**Exercise details**. What lines of the data include the string "Download"? Copy them all.

Stored entries
=== Begin Enclosure ===

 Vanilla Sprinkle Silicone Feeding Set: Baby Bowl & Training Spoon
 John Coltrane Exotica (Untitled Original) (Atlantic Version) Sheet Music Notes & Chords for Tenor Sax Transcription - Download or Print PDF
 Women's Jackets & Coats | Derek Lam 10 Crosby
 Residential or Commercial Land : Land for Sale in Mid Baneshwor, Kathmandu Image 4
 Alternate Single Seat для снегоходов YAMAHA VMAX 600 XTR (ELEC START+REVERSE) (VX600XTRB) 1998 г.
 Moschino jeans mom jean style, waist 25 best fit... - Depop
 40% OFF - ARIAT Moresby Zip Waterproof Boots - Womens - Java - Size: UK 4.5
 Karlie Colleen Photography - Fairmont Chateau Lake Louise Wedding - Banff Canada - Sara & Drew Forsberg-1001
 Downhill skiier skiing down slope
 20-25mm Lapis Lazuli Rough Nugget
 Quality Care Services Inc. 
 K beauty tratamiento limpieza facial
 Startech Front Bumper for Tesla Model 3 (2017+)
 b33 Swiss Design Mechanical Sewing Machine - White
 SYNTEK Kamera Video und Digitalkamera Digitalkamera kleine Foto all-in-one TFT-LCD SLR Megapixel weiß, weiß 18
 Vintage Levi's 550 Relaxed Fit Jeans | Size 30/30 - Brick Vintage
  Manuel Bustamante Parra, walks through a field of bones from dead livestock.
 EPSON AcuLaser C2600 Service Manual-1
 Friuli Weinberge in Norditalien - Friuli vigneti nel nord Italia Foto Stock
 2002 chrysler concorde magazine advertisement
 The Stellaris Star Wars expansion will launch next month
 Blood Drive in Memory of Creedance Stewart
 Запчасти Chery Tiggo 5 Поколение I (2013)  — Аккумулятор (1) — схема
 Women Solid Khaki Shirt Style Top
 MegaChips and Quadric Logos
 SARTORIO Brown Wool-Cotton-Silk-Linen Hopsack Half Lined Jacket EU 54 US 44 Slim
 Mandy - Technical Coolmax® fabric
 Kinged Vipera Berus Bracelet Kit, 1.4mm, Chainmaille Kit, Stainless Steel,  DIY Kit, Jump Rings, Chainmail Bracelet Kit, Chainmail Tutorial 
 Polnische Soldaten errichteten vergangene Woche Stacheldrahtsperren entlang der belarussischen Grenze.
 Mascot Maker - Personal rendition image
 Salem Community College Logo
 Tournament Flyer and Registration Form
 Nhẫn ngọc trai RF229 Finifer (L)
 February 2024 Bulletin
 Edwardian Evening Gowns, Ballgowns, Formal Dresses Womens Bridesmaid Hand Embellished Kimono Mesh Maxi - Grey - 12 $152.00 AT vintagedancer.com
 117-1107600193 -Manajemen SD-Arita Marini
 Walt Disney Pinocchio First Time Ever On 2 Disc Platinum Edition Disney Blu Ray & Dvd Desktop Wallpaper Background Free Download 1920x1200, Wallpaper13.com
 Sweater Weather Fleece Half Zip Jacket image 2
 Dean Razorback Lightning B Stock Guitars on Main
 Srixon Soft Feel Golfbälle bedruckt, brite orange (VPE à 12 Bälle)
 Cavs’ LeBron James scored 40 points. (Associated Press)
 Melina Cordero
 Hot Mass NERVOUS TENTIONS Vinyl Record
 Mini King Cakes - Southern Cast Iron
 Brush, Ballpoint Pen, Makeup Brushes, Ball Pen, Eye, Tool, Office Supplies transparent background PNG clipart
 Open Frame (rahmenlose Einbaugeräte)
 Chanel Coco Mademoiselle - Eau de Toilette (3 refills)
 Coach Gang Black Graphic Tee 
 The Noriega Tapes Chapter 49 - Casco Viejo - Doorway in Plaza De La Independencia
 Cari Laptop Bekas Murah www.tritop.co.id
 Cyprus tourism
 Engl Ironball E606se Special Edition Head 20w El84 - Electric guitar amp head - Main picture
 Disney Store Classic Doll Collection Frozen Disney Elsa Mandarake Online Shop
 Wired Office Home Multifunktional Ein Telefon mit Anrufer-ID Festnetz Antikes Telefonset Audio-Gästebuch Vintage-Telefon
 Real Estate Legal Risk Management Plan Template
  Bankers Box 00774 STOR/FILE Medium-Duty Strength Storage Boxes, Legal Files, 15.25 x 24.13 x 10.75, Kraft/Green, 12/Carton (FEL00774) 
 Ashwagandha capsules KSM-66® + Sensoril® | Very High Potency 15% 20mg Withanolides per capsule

=== End Enclosure ===

**Final answer**.
 John Coltrane Exotica (Untitled Original) (Atlantic Version) Sheet Music Notes & Chords for Tenor Sax Transcription - Download or Print PDF
 Walt Disney Pinocchio First Time Ever On 2 Disc Platinum Edition Disney Blu Ray & Dvd Desktop Wallpaper Background Free Download 1920x1200, Wallpaper13.com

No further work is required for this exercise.